> [TASK MATERIAL]:

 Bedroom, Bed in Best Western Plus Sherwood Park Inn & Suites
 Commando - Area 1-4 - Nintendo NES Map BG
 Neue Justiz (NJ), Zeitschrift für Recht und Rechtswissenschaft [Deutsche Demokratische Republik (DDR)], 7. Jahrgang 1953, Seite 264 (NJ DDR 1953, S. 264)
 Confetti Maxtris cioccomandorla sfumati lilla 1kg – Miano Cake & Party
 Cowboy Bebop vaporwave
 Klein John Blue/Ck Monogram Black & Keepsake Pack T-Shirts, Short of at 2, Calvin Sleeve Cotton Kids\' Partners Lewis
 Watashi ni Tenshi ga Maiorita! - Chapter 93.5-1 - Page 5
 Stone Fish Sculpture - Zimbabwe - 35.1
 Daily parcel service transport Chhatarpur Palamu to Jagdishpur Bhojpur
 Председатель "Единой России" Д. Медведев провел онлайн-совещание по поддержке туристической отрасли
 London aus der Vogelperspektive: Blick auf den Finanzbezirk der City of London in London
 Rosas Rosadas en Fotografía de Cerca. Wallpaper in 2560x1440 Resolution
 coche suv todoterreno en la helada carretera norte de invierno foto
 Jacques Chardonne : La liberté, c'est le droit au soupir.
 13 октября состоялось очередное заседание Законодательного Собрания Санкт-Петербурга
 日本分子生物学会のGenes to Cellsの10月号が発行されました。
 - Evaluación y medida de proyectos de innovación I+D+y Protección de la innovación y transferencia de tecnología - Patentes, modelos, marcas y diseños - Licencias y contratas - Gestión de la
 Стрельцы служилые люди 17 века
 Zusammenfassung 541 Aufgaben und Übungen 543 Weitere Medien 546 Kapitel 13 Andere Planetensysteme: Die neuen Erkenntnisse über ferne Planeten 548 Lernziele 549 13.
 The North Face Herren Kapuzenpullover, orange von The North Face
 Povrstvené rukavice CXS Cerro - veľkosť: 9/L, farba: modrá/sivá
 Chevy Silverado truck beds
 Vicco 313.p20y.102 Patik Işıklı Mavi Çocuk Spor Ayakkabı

> [TASK ITEM]: Reproduce the entries exactly, each one as given.

> [TASK SOLUTION]:
 Bedroom, Bed in Best Western Plus Sherwood Park Inn & Suites
 Commando - Area 1-4 - Nintendo NES Map BG
 Neue Justiz (NJ), Zeitschrift für Recht und Rechtswissenschaft [Deutsche Demokratische Republik (DDR)], 7. Jahrgang 1953, Seite 264 (NJ DDR 1953, S. 264)
 Confetti Maxtris cioccomandorla sfumati lilla 1kg – Miano Cake & Party
 Cowboy Bebop vaporwave
 Klein John Blue/Ck Monogram Black & Keepsake Pack T-Shirts, Short of at 2, Calvin Sleeve Cotton Kids\' Partners Lewis
 Watashi ni Tenshi ga Maiorita! - Chapter 93.5-1 - Page 5
 Stone Fish Sculpture - Zimbabwe - 35.1
 Daily parcel service transport Chhatarpur Palamu to Jagdishpur Bhojpur
 Председатель "Единой России" Д. Медведев провел онлайн-совещание по поддержке туристической отрасли
 London aus der Vogelperspektive: Blick auf den Finanzbezirk der City of London in London
 Rosas Rosadas en Fotografía de Cerca. Wallpaper in 2560x1440 Resolution
 coche suv todoterreno en la helada carretera norte de invierno foto
 Jacques Chardonne : La liberté, c'est le droit au soupir.
 13 октября состоялось очередное заседание Законодательного Собрания Санкт-Петербурга
 日本分子生物学会のGenes to Cellsの10月号が発行されました。
 - Evaluación y medida de proyectos de innovación I+D+y Protección de la innovación y transferencia de tecnología - Patentes, modelos, marcas y diseños - Licencias y contratas - Gestión de la
 Стрельцы служилые люди 17 века
 Zusammenfassung 541 Aufgaben und Übungen 543 Weitere Medien 546 Kapitel 13 Andere Planetensysteme: Die neuen Erkenntnisse über ferne Planeten 548 Lernziele 549 13.
 The North Face Herren Kapuzenpullover, orange von The North Face
 Povrstvené rukavice CXS Cerro - veľkosť: 9/L, farba: modrá/sivá
 Chevy Silverado truck beds
 Vicco 313.p20y.102 Patik Işıklı Mavi Çocuk Spor Ayakkabı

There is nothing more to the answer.